The Shapiro–Wilk test rejected the null hypothesis for normality. Consequently, the Box-Cox technique was applied to the non-normal data prior to statistical analysis. Table 1 reports static and dynamic merit scores for each experimental camera system. The reference system calibration residual errors for Bonita cameras 1 through 8 were: 0.11 mm, 0.09 mm, 0.09 mm, 0.08 mm, 0.10 mm, 0.08 mm, 0.10 mm, and 0.11 mm, respectively. The V-8 camera system RMS (merit score) was 0.09 mm which is below the calibration qualifying threshold.

Table 1 Static and dynamic calibration merit scores of accuracy for the experimental camera systems.

A repeated measures two-way ANOVA calculation between calibration method and camera system type (F = 1.01, p = 0.391) failed to show an interaction between independent variables. Descriptive measures for camera system and calibration method were calculated to quantify camera system reconstruction output quality based on merit score means and standard deviations (Supplementary Table S1).

3D model reconstruction analysis

Table 2 reports RMSE scores which describe camera system output accuracy, with static (S) and dynamic D) calibration, for each experimental camera system compared to the V-8 system output data.

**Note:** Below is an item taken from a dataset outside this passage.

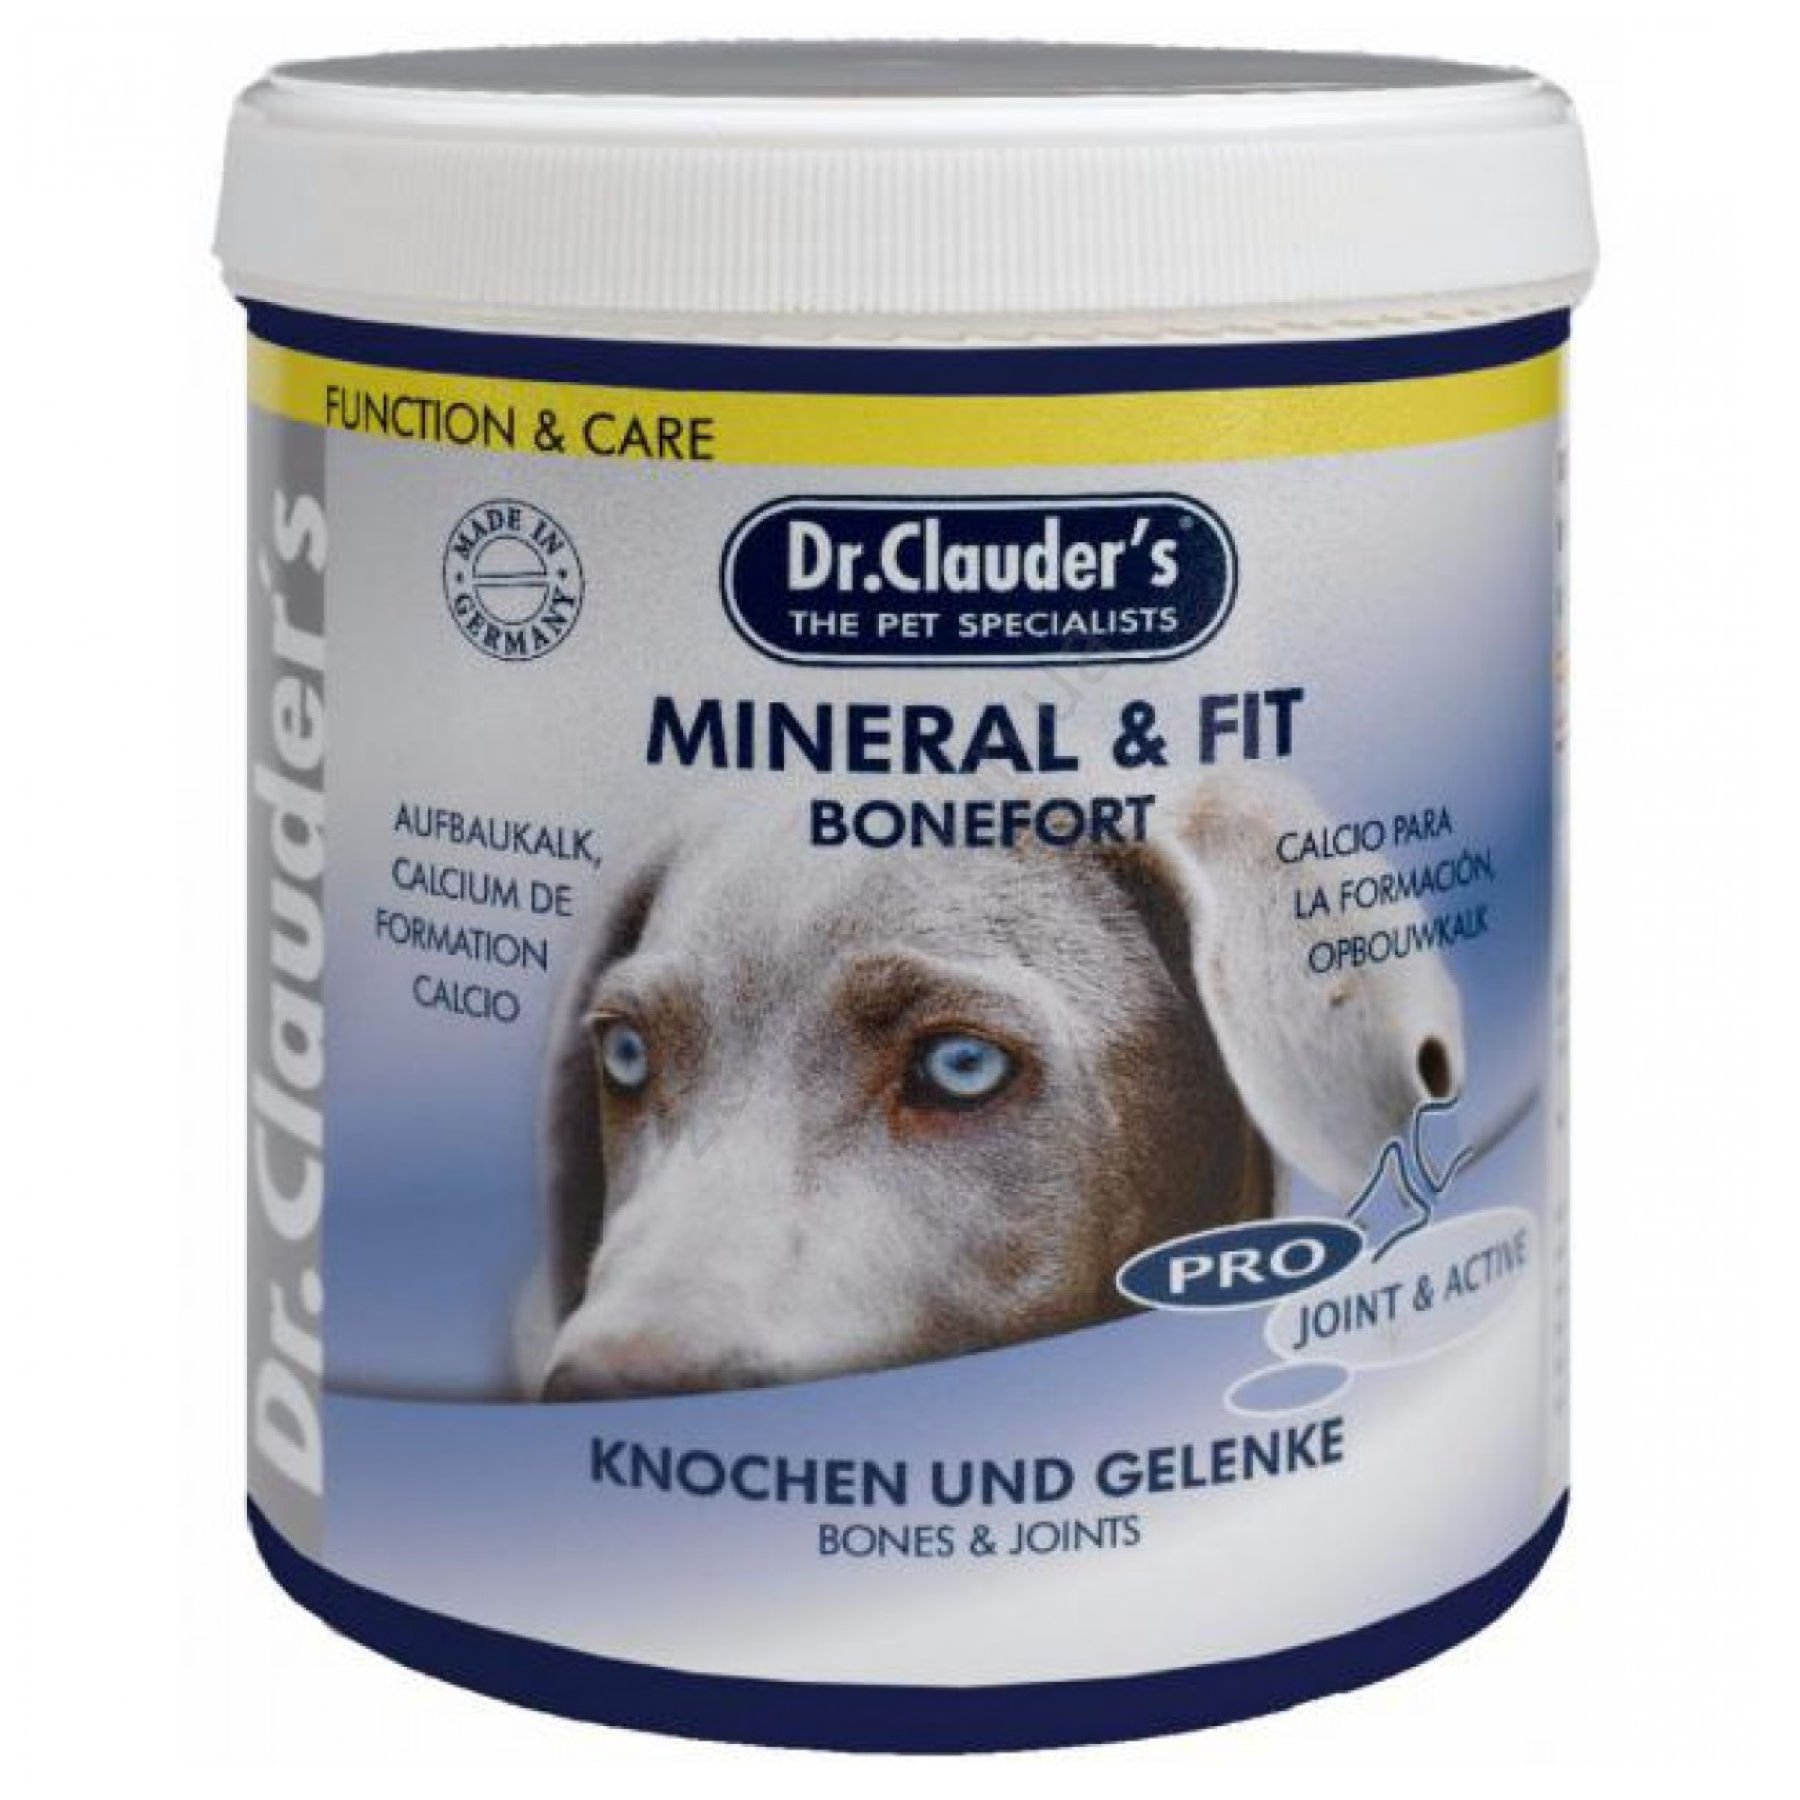 Витаминно-минеральная добавка для собак Dr.Clauder's Mineral & Fit Bonefort в период интенсивного роста, в условиях повышенной нагрузки и стресса на организм, или для пожилых собак, 500 г

Further analysis investigated a linear relationship between the reference system and the experimental camera systems for the three trials. A single arm movement expended 3.3 s yielding 398 data points for analysis. The dependent variable was angular displacement and the experimental camera systems were analyzed when incorporating both calibration methods. The Pearson’s r calculations for Trial 1 r(398) = 0.98, p < 0.001); Trial 2 r(398) = 0.98, p < 0.001); and Trial 3 r(398) = 0.99, p < 0.001) suggest a strong relationship exists between the experimental camera systems and the reference system. Intra-class correlation calculation for camera systems across trials was > 0.9.

Table 2 Reconstructed angular displacement differences between the experimental camera system and the reference camera system across trials.

Segment-1 length was 145.5 mm, where segment-2 length was 288.0 mm. The stationary segmental lengths reconstructed by the Vicon-8 system were 145.5 mm and 288.0 mm, respectively. Table 3 reports predicted segmental length differences presented as a percentage error between the reference system and experimental camera systems. Both static (S) and dynamic (D) calibration calculations were incorporated to analyze motion output accuracy (Supplementary Table S2).

Table 3 Segmental length differences between the experimental camera systems and the reference system while implementing both calibration procedures across three trials.

Figure 4 shows the Bland–Altman assessment of correspondence plots to the experimental camera setups relative to the reference motion capture system (V-8). The absolute systematic bias ranged from 0.03 to 0.54 degrees. The Bland–Altman bias for the systems incorporating a dynamic calibration method (M = − 0.12, SD = 0.29) and the systems incorporating a static calibration method (M = 0.003, SD = 0.16). The upper (M = 0.87, SD = 0.44) and lower (M = − 1.15, SD = 0.31) limits for the camera systems incorporating a dynamic calibration method were compared to the upper (M = 1.00, SD = 0.32) and lower (M =  − 0.91, SD = 0.25) limits for the camera systems incorporating a static calibration method.

Figure 4
figure 4

Angular displacement bias between the reference system and the experimental systems. ASC-1 (3 GoPro 5 s + 1 GoPro 4), ASC-2 (3 GoPro 5 s + 1 GoPro 9), ASC-3 (3 GoPro 5 s), MV-4 (Sentech USB 3.0). static (frame calibration) and dynamic (wand calibration).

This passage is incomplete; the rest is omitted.